No dia 05 de Abril de 2011 as 13h00 eu tinha uma consulta de rotina, já agendada com certa antecedência, porém dessa vez com um médico que eu nunca havia me consultado.
No dia 04 de Abril de 2011 à noite, meu chão sumiu e fiquei tão nervosa que minha pressão começou a subir... Quando minha pressão chegou a 18 por 9 tomei 1 comprimido de diazepam, meia hora depois minha pressão chegava a 18 por 11 e minha visão já estava turva, tomei outra comprimido e deitei enquanto o sentia o quarto girar e o teto subir e descer.
Eu não dormi naquela noite apesar de ter tomado 2 comprimidos de 10 mg cada... Quantidade suficiente para sedar um adulto e faze-lo dormir por horas.
E no dia seguinte, dia 05 de Abril de 2011 eu tinha médico...
Chorei quando estacionava o carro, no elevador, na sala de espera, na sala do médico, na maca, na sala de exames, no banheiro, na sala do médico novamente e no resto daquele dia e por vários outros.
Mas na sala do médico eu escutei uma coisa que foi um estalo, o médico disse assim: " - Você tem consciência que você esteve e está bem perto de ter um AVC?! Você precisa se controlar!"
A palavra AVC foi um estalo... 2 anos antes e por motivos parecidos eu tive um pequeno "desarranjo neurológico", mas ninguém falou em AVC... Naquela época eu tomei os remédios necessários, fiz a dieta recomendada, me exercitei e tudo ficou bem, mas ninguém me falou que se acontecesse novamente eu poderia ter um AVC, ter sequelas e todo aquele drama que o AVC acarreta...
Minha avó teve 8 AVC´s e eu vi o sofrimento dela, o sofrimento da minha mãe cuidando dela...
Morrer de amor é bom em filme, livro, novela e tudo o mais que for fictício... Na vida real, não!
Alias, falou em morrer... Eu não brinco não!

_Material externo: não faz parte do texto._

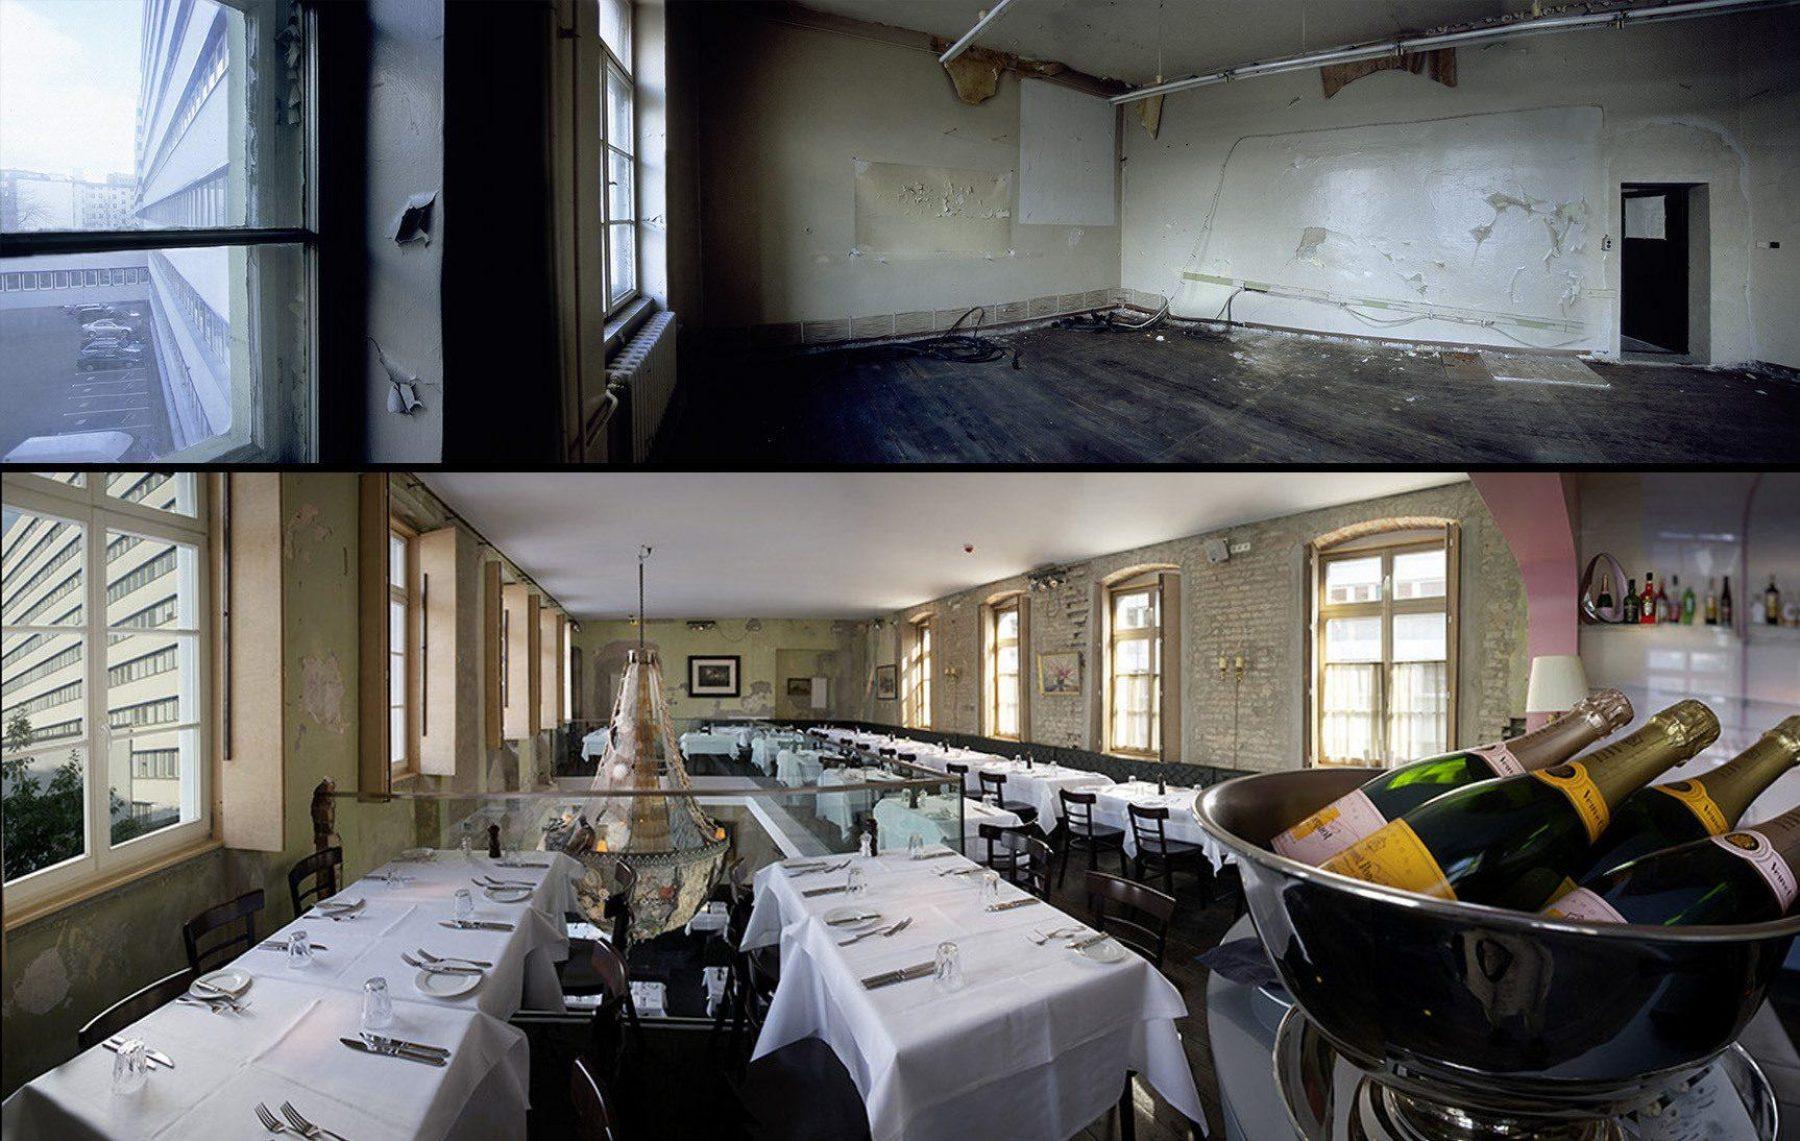 ehemaliges Schulgebäude, Restaurant The Grant

Até hoje eu evito em apertar um botão do ar condicionado do carro, porque o consultor técnico me disse que aquilo faz faltar oxigênio no ambiente e os passageiros podem vir a perder a consciência (e consequentemente morrer) depois de muito tempo ligado... Independente desse "muito tempo", eu não gosto daquele botão e o evito!
Passou-se pouco mais de 1 ano desde aquela consulta e a palavra "AVC" surtiu efeito na minha vida... Tomei alguns vários remédios por um tempo, comecei a correr para parar com os remédios e me afastei totalmente da causa do meu quase AVC.
Ontem, dia 03 de Maio de 2012 eu tinha consulta de rotina para levar meus atuais exames e dessa vez eu não abri nenhum exame no carro antes de entrar no consultório.
Dr. Fernando me recebe com um abraço, pergunta como vão as coisas, se lembra daquela primeira consulta regada a muitas lágrimas, da última consulta logo após o carnaval desse ano, pergunta das corridas, pergunta da gastrite, pergunta dos amores, fala do cabelo raspado, da saia comprida, pergunta o que eu acho da homem usar cachecol, pergunta sobre o blog, pergunta se fui na feira de tatuagens no final de semana e por último fala sobre o anel que estou usando no dedo mindinho... Ele é muito perguntador e conversa que é uma beleza!
E durante a conversa ele vai abrindo exame por exame, anotando tudo no computador, comparando com os resultados dos últimos exames e meu coração vai ficando pequeno, pequeno, pequeno, quando por fim ele diz: " - Seus exames são de causar inveja do mais jovem ao mais velho! Quem diria, heim?! "
Abro um sorrisão e meus olhos ficão um tantinho mais brilhantes... Ele percebe... " - Seus exames são uma conquista! Se quiser chorar, pode chorar... Você não vai morrer tão cedo, pelo menos não de AVC... "
Nunca a frase "Eu balanço, mas não caio." fez tanto sentido para mim... Eu não vou morrer tão cedo, graças a Deus!